Sciences and the Tower of Babel

Sciences and the Tower of Babel August 23, 2013

I am not a scientist, but I respect science. I respect science so long as science does what science can do. I disrespect science when science pretends to do what it can’t. That is, I respect science until it builds its own Tower of Babel.

Science does what science can do. I love that. It can discover and it can find and it can see and it can observe and it can induce. It can tell me why a tomato, a juicy red one through and through can generate potent, pleasing reactions on my tongue and make a (turkey) bacon, chard and tomato sandwich pleasurable. It can take us to the moon and back, and it can see things and discern things on the moon that will perhaps change life here on Planet Earth.

But science goes Babel on us when it tells us that because pleasure is in the frontal cortex it is nothing but chemical reaction; science goes Babel on us when it denies the glorious mysteries of beauty, of the eye of faith, and the splendor of perceptions.

“Science,” Marilynne Robinson tells us in When I Was a Child I Read Books, “can give us knowledge, but it cannot give us wisdom” (18). Robinson, as you may know, is hardly against science; she’s all for it… as long as it does not build its own Tower of Babel.

Anthropologists tell us, in their own Babel-building, that religions are all alike, that they are myth-building edifices drawn up by humans who can’t otherwise explain something. So for them — I’m reading Robinson so I’ll quote her again — “religion is intrinsically a crude explanation strategy that should be dispelled and supplanted by science” (15).

Pshaw! When I look into the Scientific American I don’t lose faith; I praise God and find the glories and grandeurs of God ever more immense and unfathomable. The more we learn, we learn in college, the more we don’t know — and the more science we learn, the higher  Babel goes? That’s just hybris. The more we learn about this world the bigger and more minute and more intricate God becomes.

There is, she says, “a tendency to fit a tight and awkward carapace of definition over humankind, and try to trim the living creature to fit the dead shell” (7). Indeed. There’s an attempt to contain the glories of nature in the wineskin but sure as we are sitting here that skin will burst when the next Scientific American is read. Where she’s got this in her grip is right here: “The assumption persists among us still, vigorous as ever, that if a thing can be ‘explained,’ associated with a physical process, it has been excluded from the category of the spiritual” (9-10). That, my friends, is to fall for the error of the Manichees — to pose the world as either spiritual or physical. The Christian Story, my friends, is that these go together — God and Us, God and Human, spirit and matter, body and soul.

Or, “Religious experience is said to be associated with activity in a particular part of the brain. For some reason this is supposed to imply that it is delusional” (10). This sort of Babel-building will not satisfy the urge and pleasure of beauty.

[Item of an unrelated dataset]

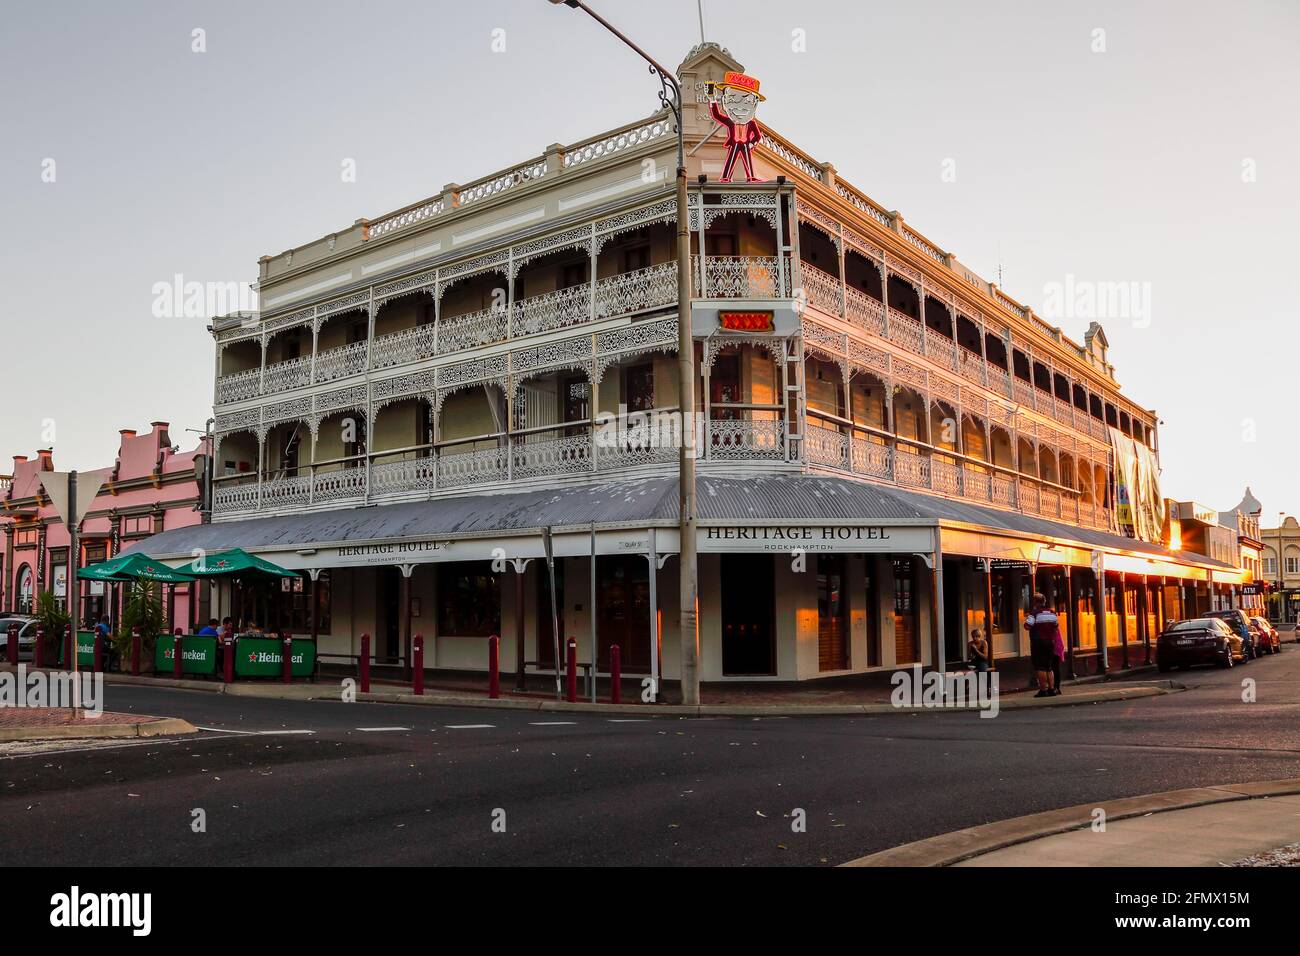 Rockhampton, Qld, Australia - 24 December 2014. The historic Heritage Hotel, built in 1898, is a balconied hotel with prominent iron lace decorations. Stock Photo

When science cannot tell me that my wife, Kris, is beautiful to me; when it cannot tell me why a chard leaf with red spines is beautiful; when it cannot tell me why a long iron with a slight draw onto a green banked just so takes the game to a new level; when science cannot tell me why my grandson’s twinkly eye when he sees something magical on the iPad or why my granddaughter brings to the surface in a smile a joy from deep within because of a gaudy pair of Cinderella shoes … when science cannot explain why some things are beautiful, then it needs to do what it does so well and not try to do what it cannot do. What it should not do is build the Tower of Babel all over again. Agamemnon’s pride, Constantine’s arrogance, and Nixon’s insolence are Babel-like, and so too science when it pretends it can do more than it can do.

Religion, too, Marilynne Robinson observes: “Nor can religion [give us wisdom], until it put aside nonsense and distraction and becomes itself again” (18). Should I ask if religion, too, is just as Babel-like when it thinks it can tell science where to go?